ACTIVITY: An exact transcription of all the data is required, with every image removed.

THE DATA:
==========
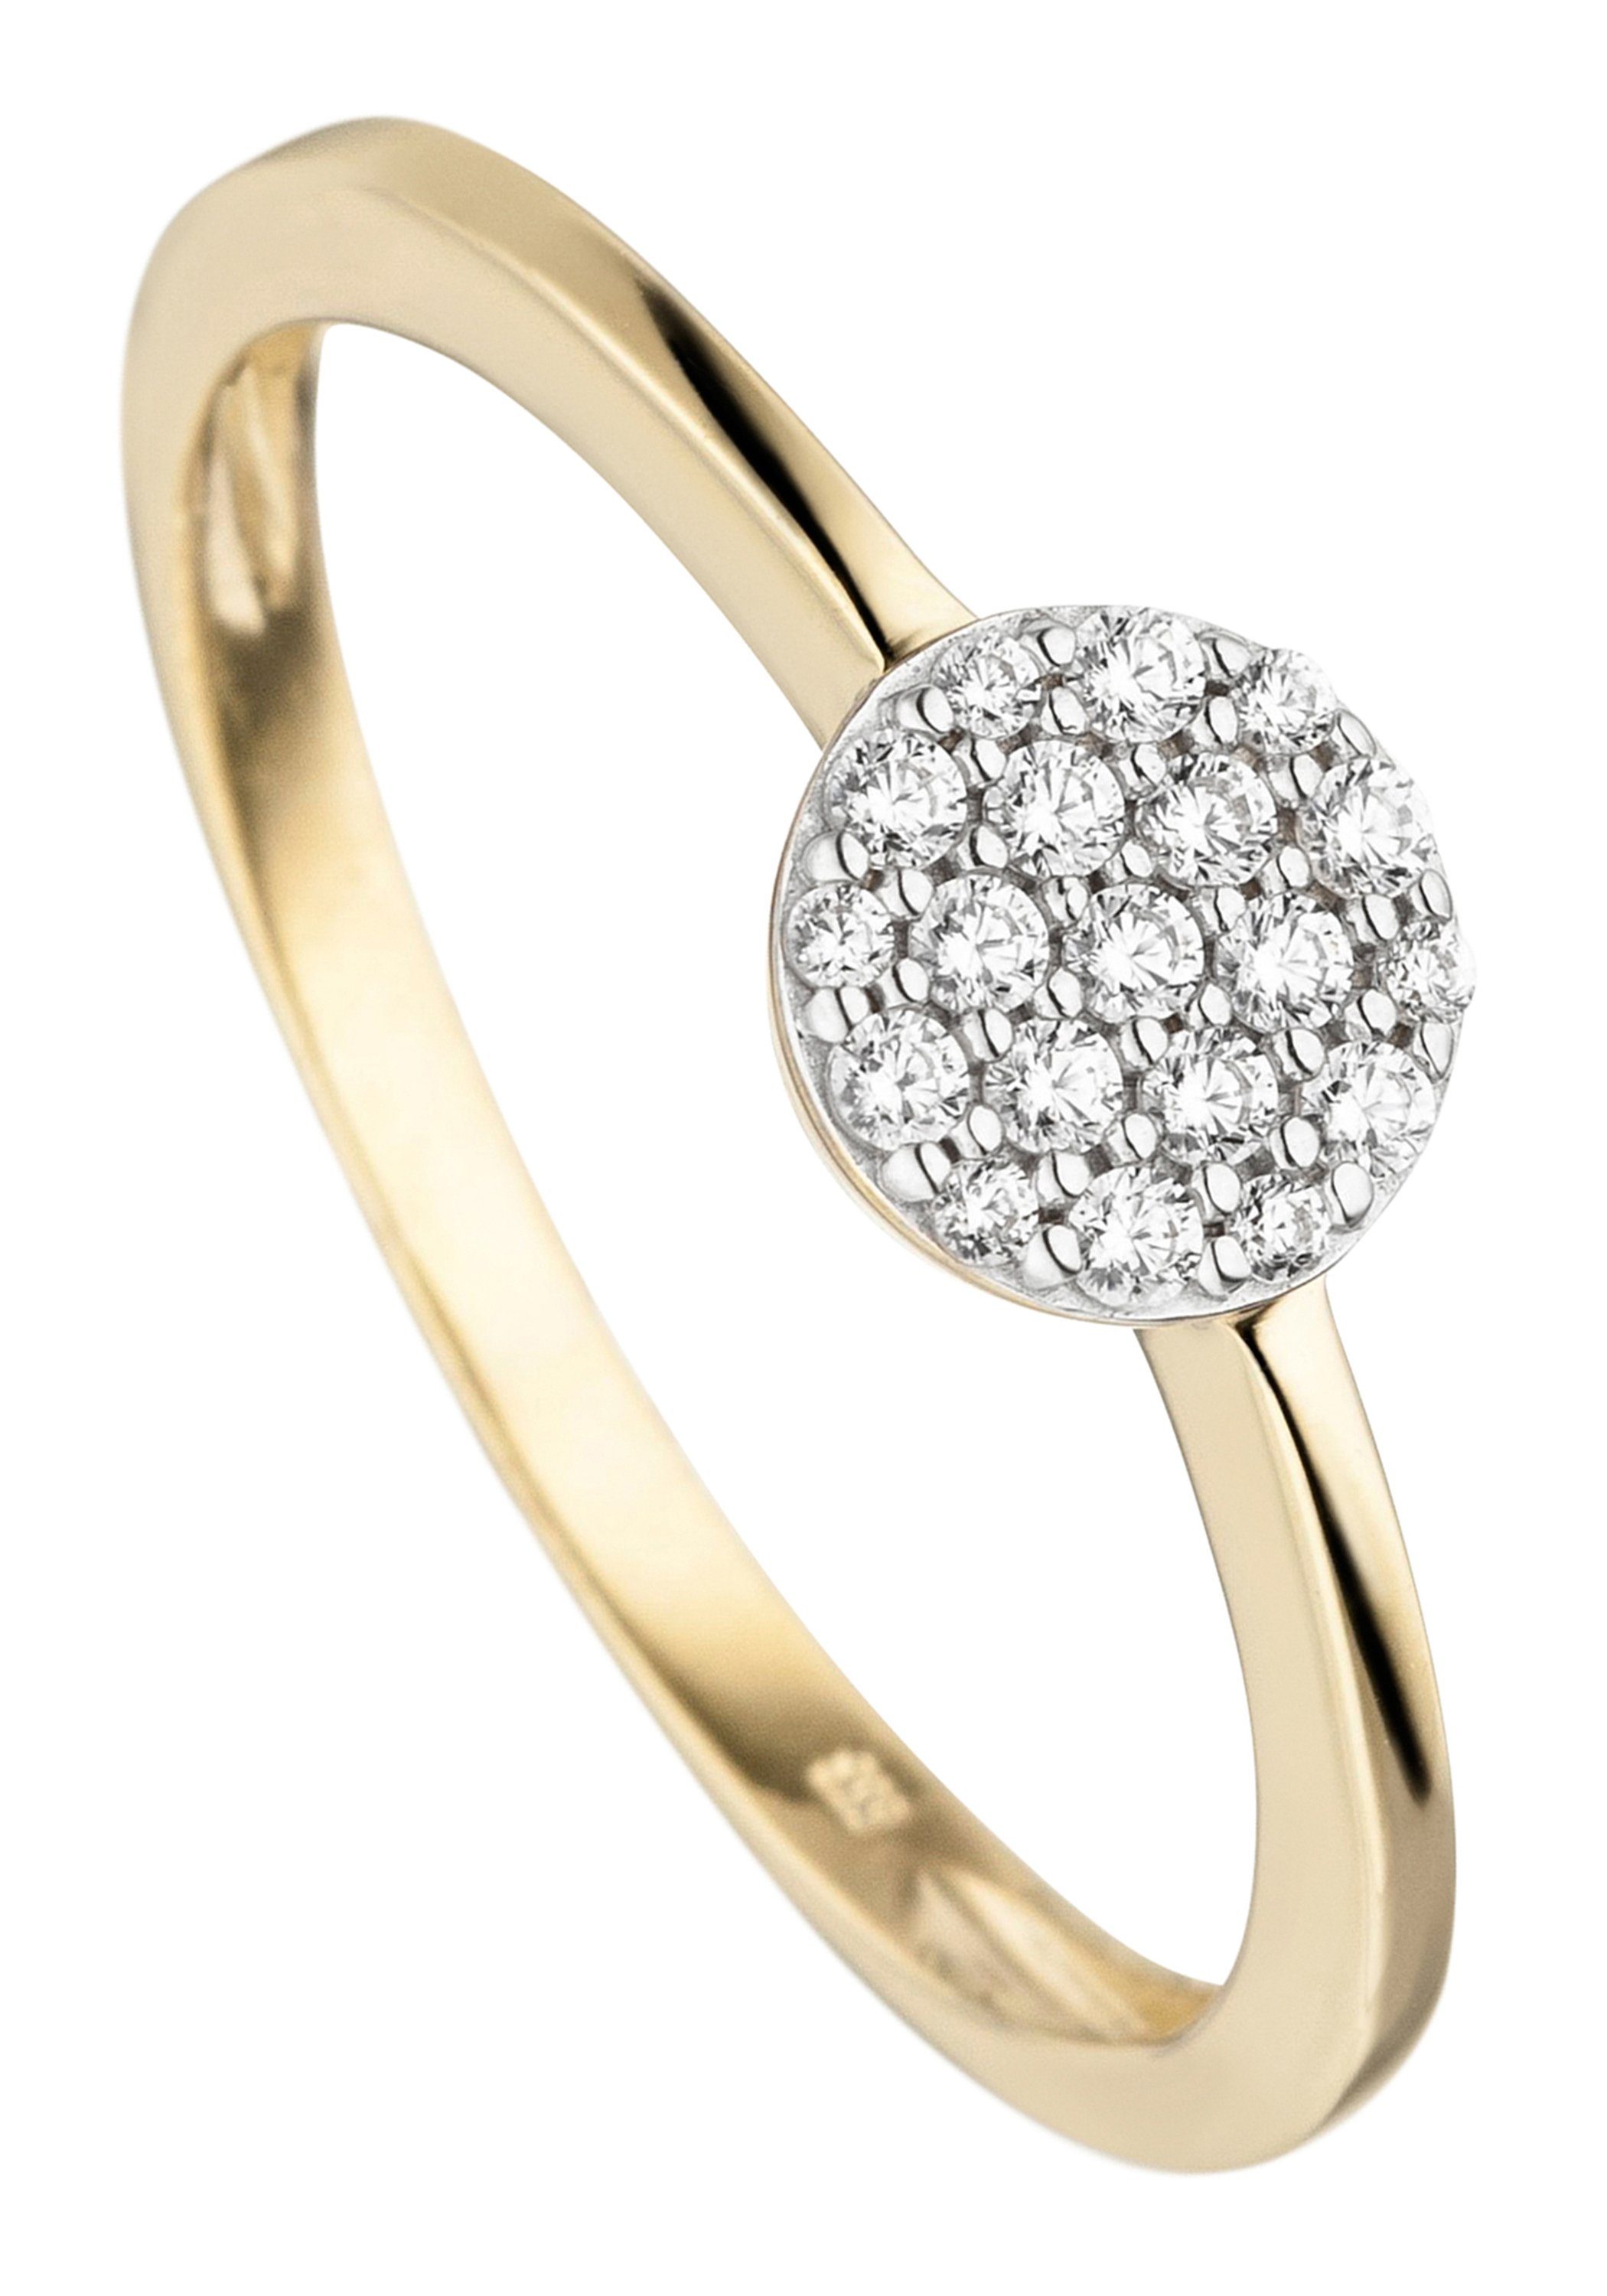 JOBO Fingerring Ring mit 19 Zirkonia, 333 Gold bicolor
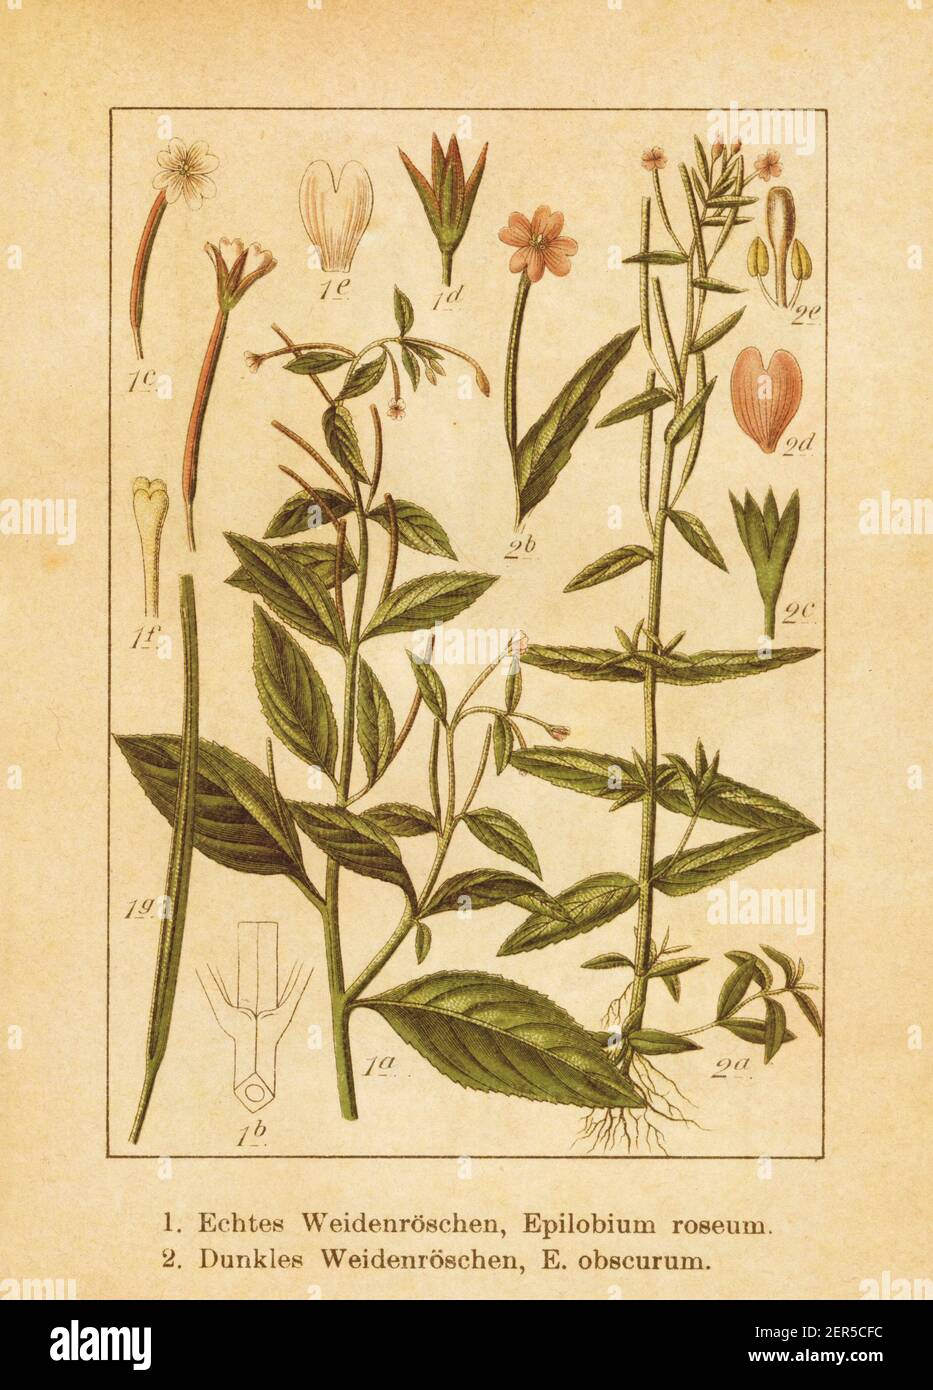 Antique illustration of an epilobium roseum (also known as pale willowherb) and epilobium obscurum (also known as dwarf willowherb or short-fruited wi Stock Photo
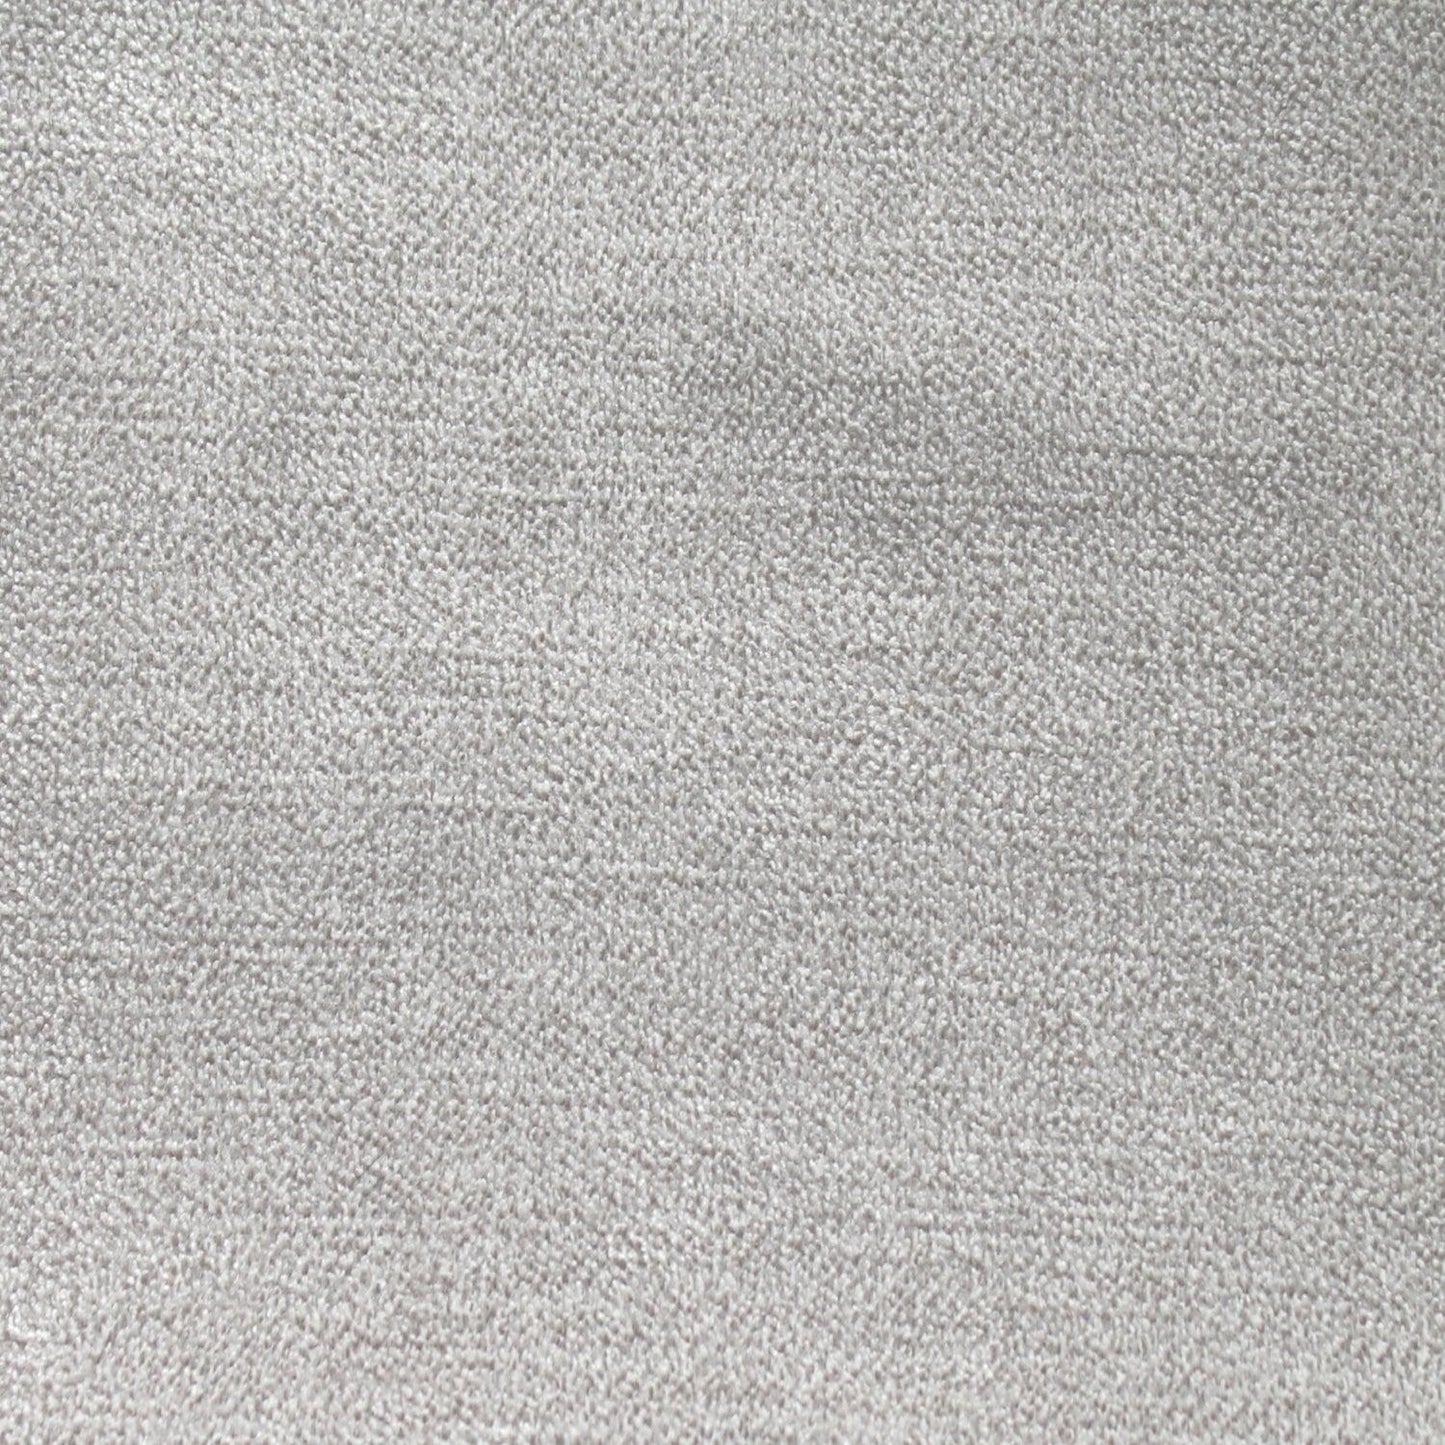 Chenille Upholstery Fabric Lulu Pale Grey Mix
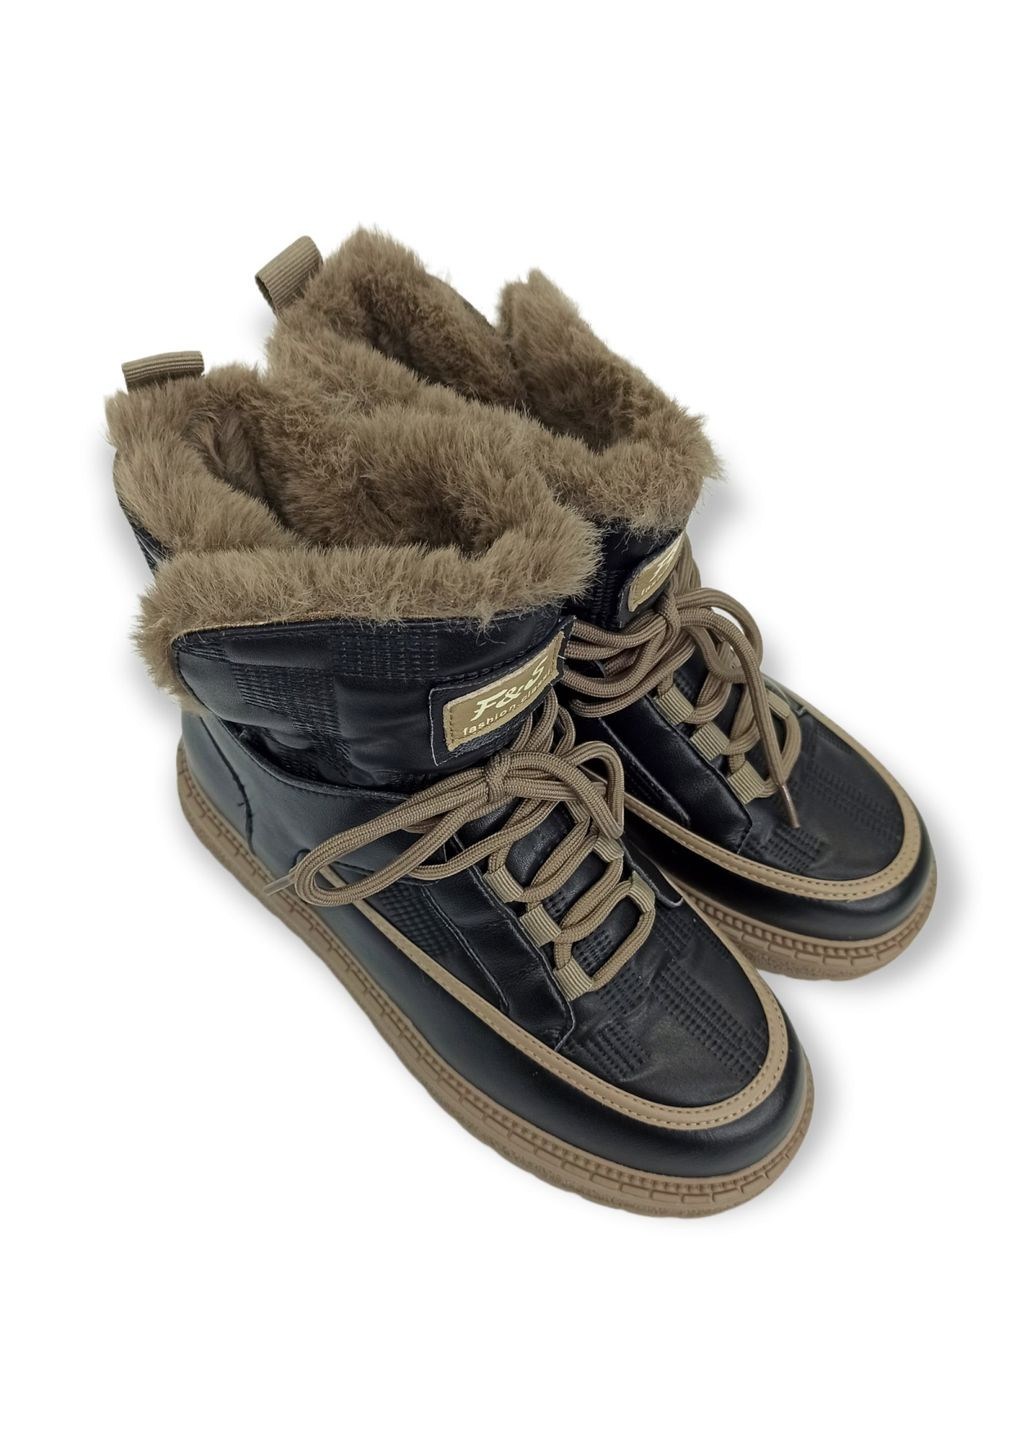 Зимние ботинки (р) кожа 0-1-1-zm-5978 Lifexpert
==========
COMPLETED EXERCISE:
 JOBO Fingerring Ring mit 19 Zirkonia, 333 Gold bicolor
 Antique illustration of an epilobium roseum (also known as pale willowherb) and epilobium obscurum (also known as dwarf willowherb or short-fruited wi Stock Photo
 Chenille Upholstery Fabric Lulu Pale Grey Mix
 Зимние ботинки (р) кожа 0-1-1-zm-5978 Lifexpert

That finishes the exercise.